🤖 AI Summary
This work addresses the robustness evaluation of vision-language models (VLMs) under color vision deficiencies. We propose ColorBlindnessEval—the first adversarial benchmark for VLMs inspired by the Ishihara color blindness test. It comprises 500 Ishihara-like images, each embedding digits 0–99 within chromatically complex patterns, and employs both binary (Yes/No) and open-ended question-answering prompts to systematically assess digit recognition across nine state-of-the-art VLMs, with human performance as reference. By adapting clinical color-vision testing paradigms to VLM evaluation, we uncover— for the first time—that VLMs suffer severe accuracy degradation and exhibit pervasive textual hallucinations under chromatic confusion. Experiments reveal that current VLMs heavily rely on superficial texture and contextual cues, lacking intrinsic color-invariant visual perception.
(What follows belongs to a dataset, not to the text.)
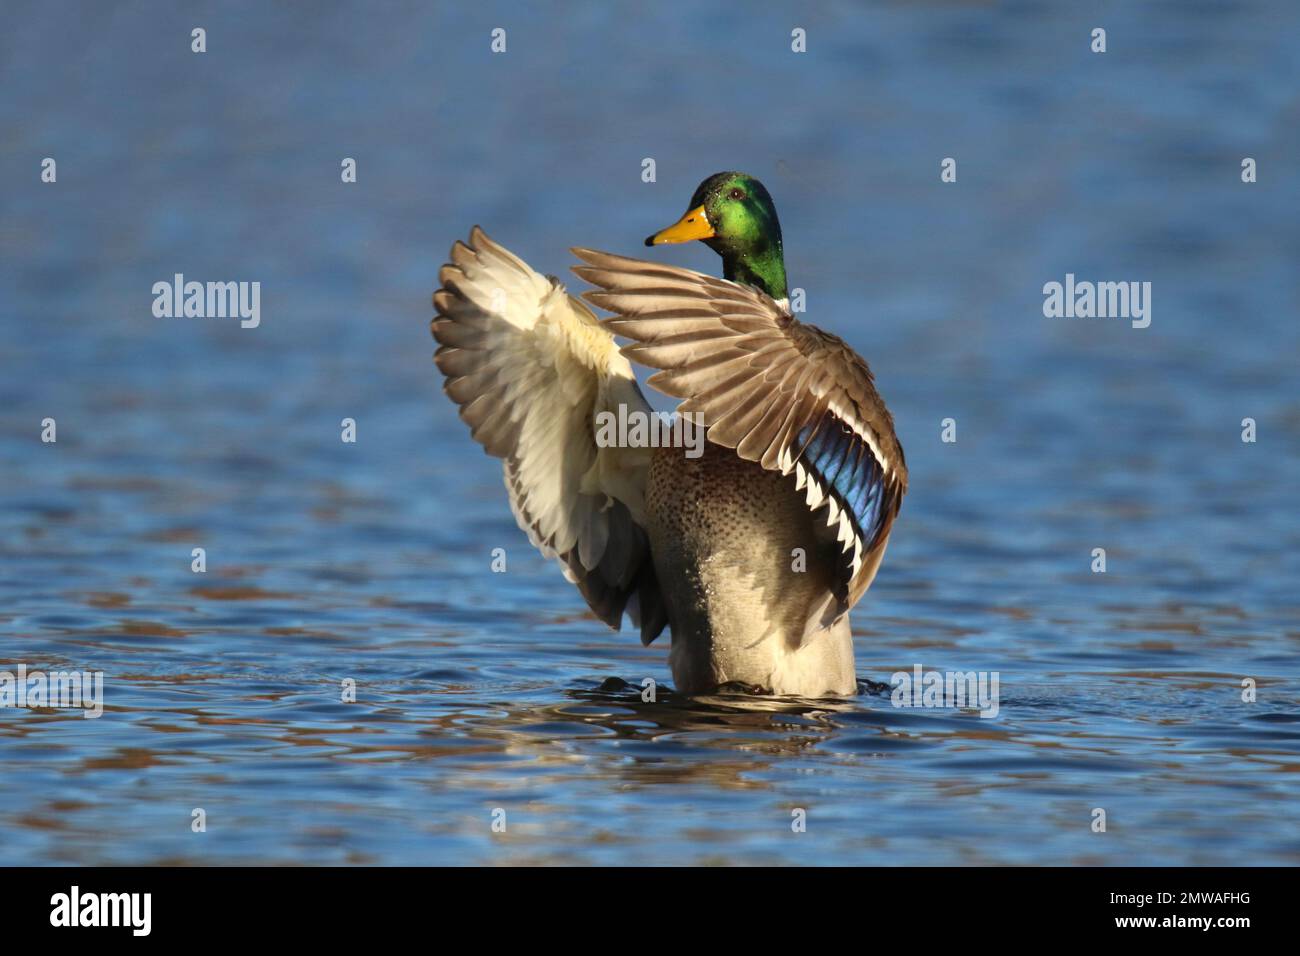 Drake mallard duck Anas platyrhynchos flapping his winnings on a blue lake in winter Stock Photo

These findings underscore the necessity of developing visually robust VLMs and highlight the value of color-robustness as a novel, clinically grounded evaluation dimension.
📝 Abstract
This paper presents ColorBlindnessEval, a novel benchmark designed to evaluate the robustness of Vision-Language Models (VLMs) in visually adversarial scenarios inspired by the Ishihara color blindness test. Our dataset comprises 500 Ishihara-like images featuring numbers from 0 to 99 with varying color combinations, challenging VLMs to accurately recognize numerical information embedded in complex visual patterns. We assess 9 VLMs using Yes/No and open-ended prompts and compare their performance with human participants. Our experiments reveal limitations in the models' ability to interpret numbers in adversarial contexts, highlighting prevalent hallucination issues. These findings underscore the need to improve the robustness of VLMs in complex visual environments. ColorBlindnessEval serves as a valuable tool for benchmarking and improving the reliability of VLMs in real-world applications where accuracy is critical.